The Mann–Whitney U test also showed that the mean rank for perceived ability to drive safely while using a cell phone was significantly higher in distracted drivers than in non-users (132.28 vs. 71.61; p = 0.001). In addition, Table 3 also shows that distracted drivers reported a lower perceived risk of CPWD, both in the case of themselves (123.14 vs. 191.94, p < 0.001) and others (124.47 vs. 172.83, p = 0.003), a lower level of support for legal restrictions (124.59 vs. 172.83, p = 0.004), more positive attitude towards self-use (130.92 vs. 89.53, p = 0.017) and higher self-perceived benefits of CPWD (130.90 vs. 89.93, p = 0.015).
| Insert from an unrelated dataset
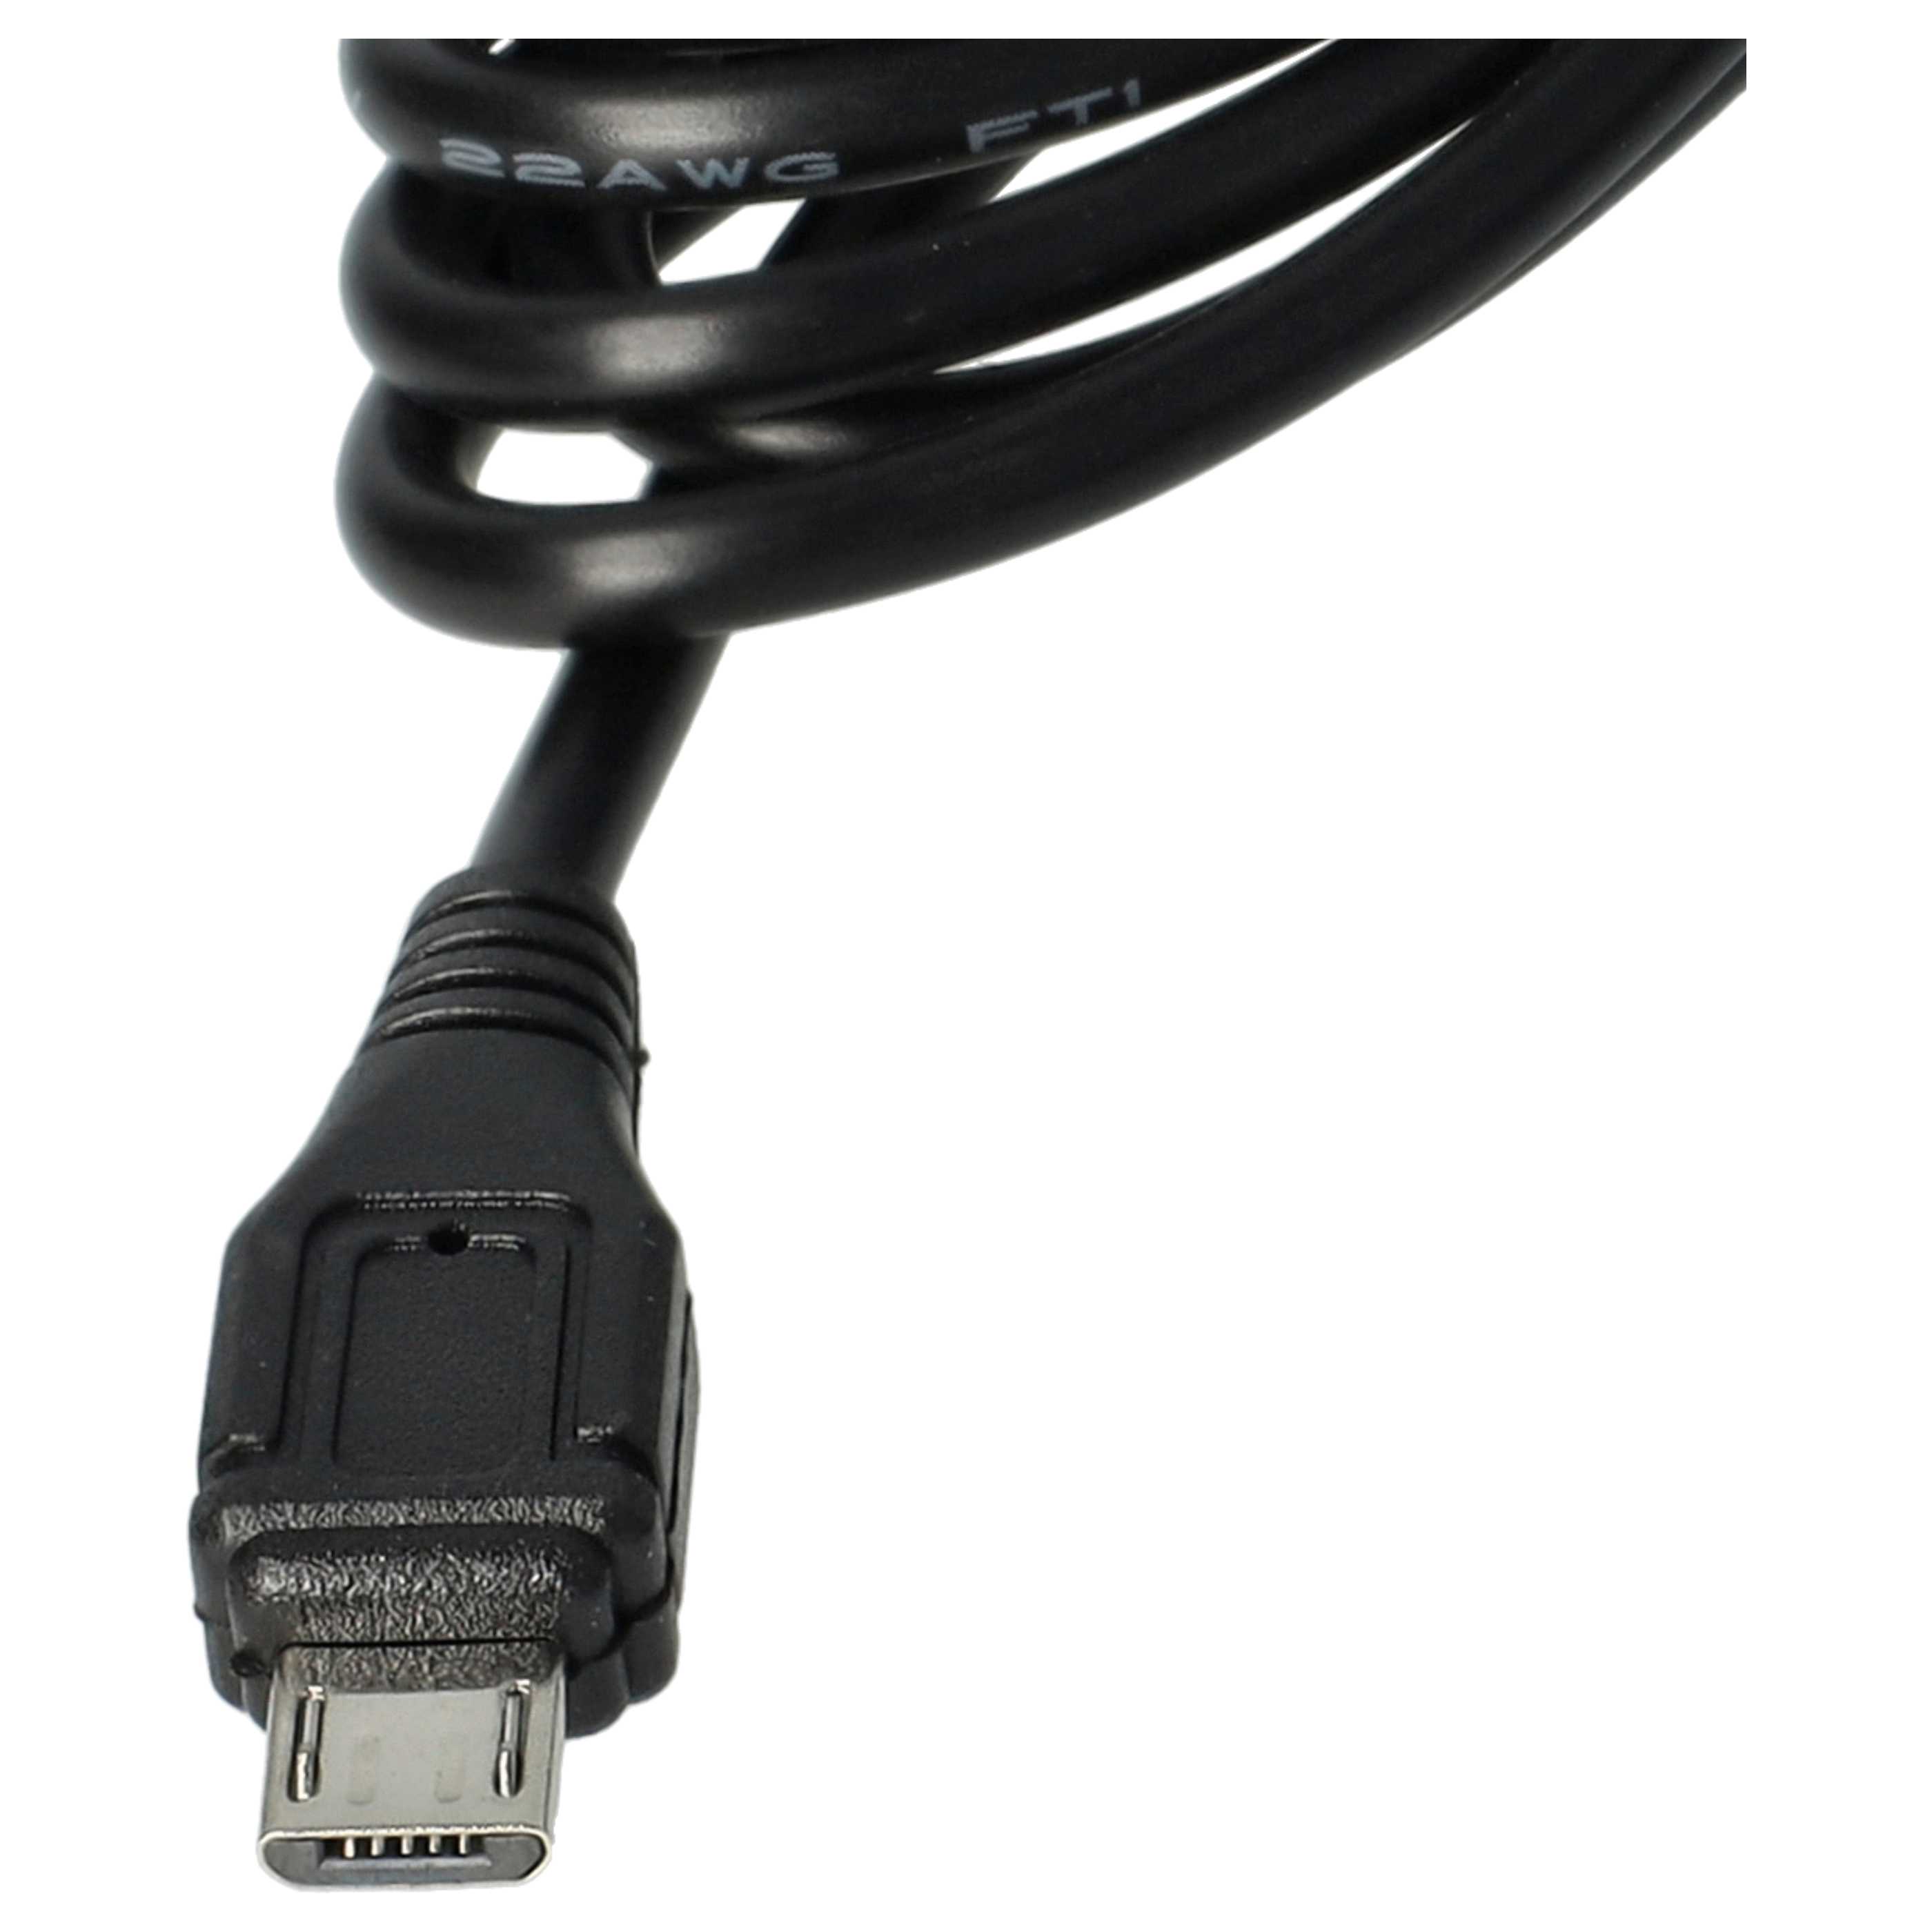 Cargador coche micro USB 2,0 A para smartphone, GPS Olympia, etc. - Cable de carga
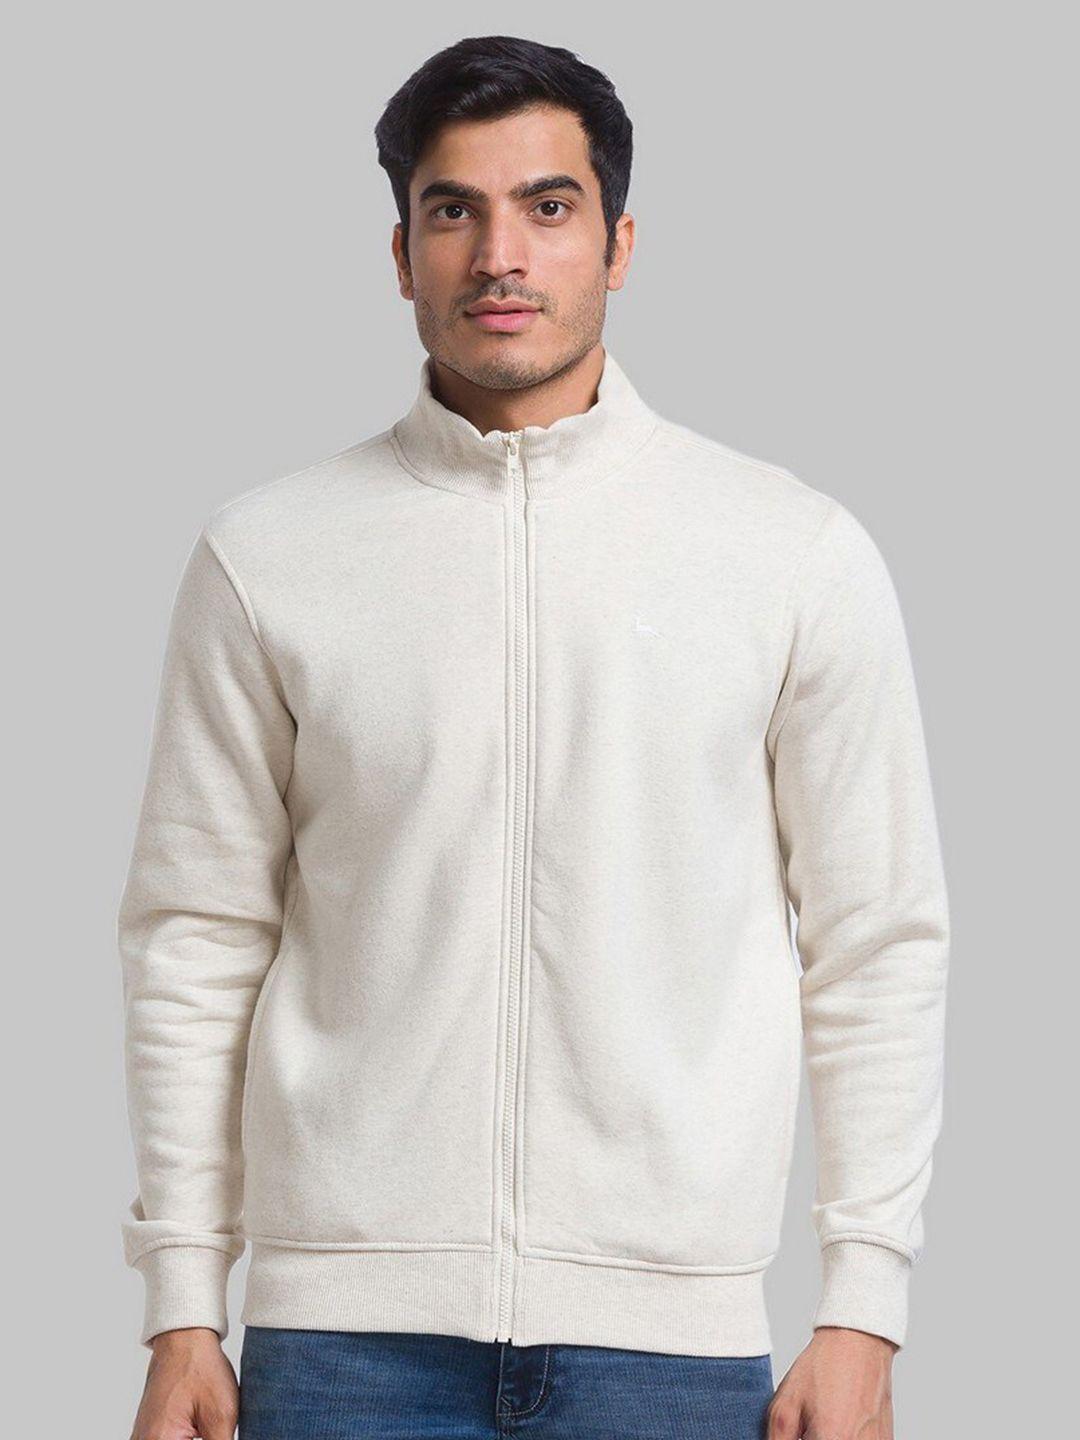 parx-men-regular-fit-white-sweatshirt

A Spearman’s rank order and Kruskal–Wallis tests, with the null hypothesis assuming the categories of use were identical within each of the psychosocial components, were conducted to investigate the association between reported frequency of CPWD and the psychosocial components. A level of 5% was considered significant. The results indicated a positive correlation between self-perceived ability and being a frequent user (0.309**). Table 4 shows that frequent users had a mean rank equal to 1.35 times higher than seldom users (χ²(4) = 31.21, p < 0.001). Furthermore, a significant negative correlation was found between total use and risk perception; i.e. the higher the perceived risk, both in the case of themselves (χ²(4) = 34.84, p < 0.001) and others (χ²(4) = 26, p < 0.001), the less they reported CPWD. A significant negative correlation (–0.215**) was also observed in support of legislation, wherein the frequency of CPWD decreased as support for the law increased (χ²(4) = 14.14, p = 0.007).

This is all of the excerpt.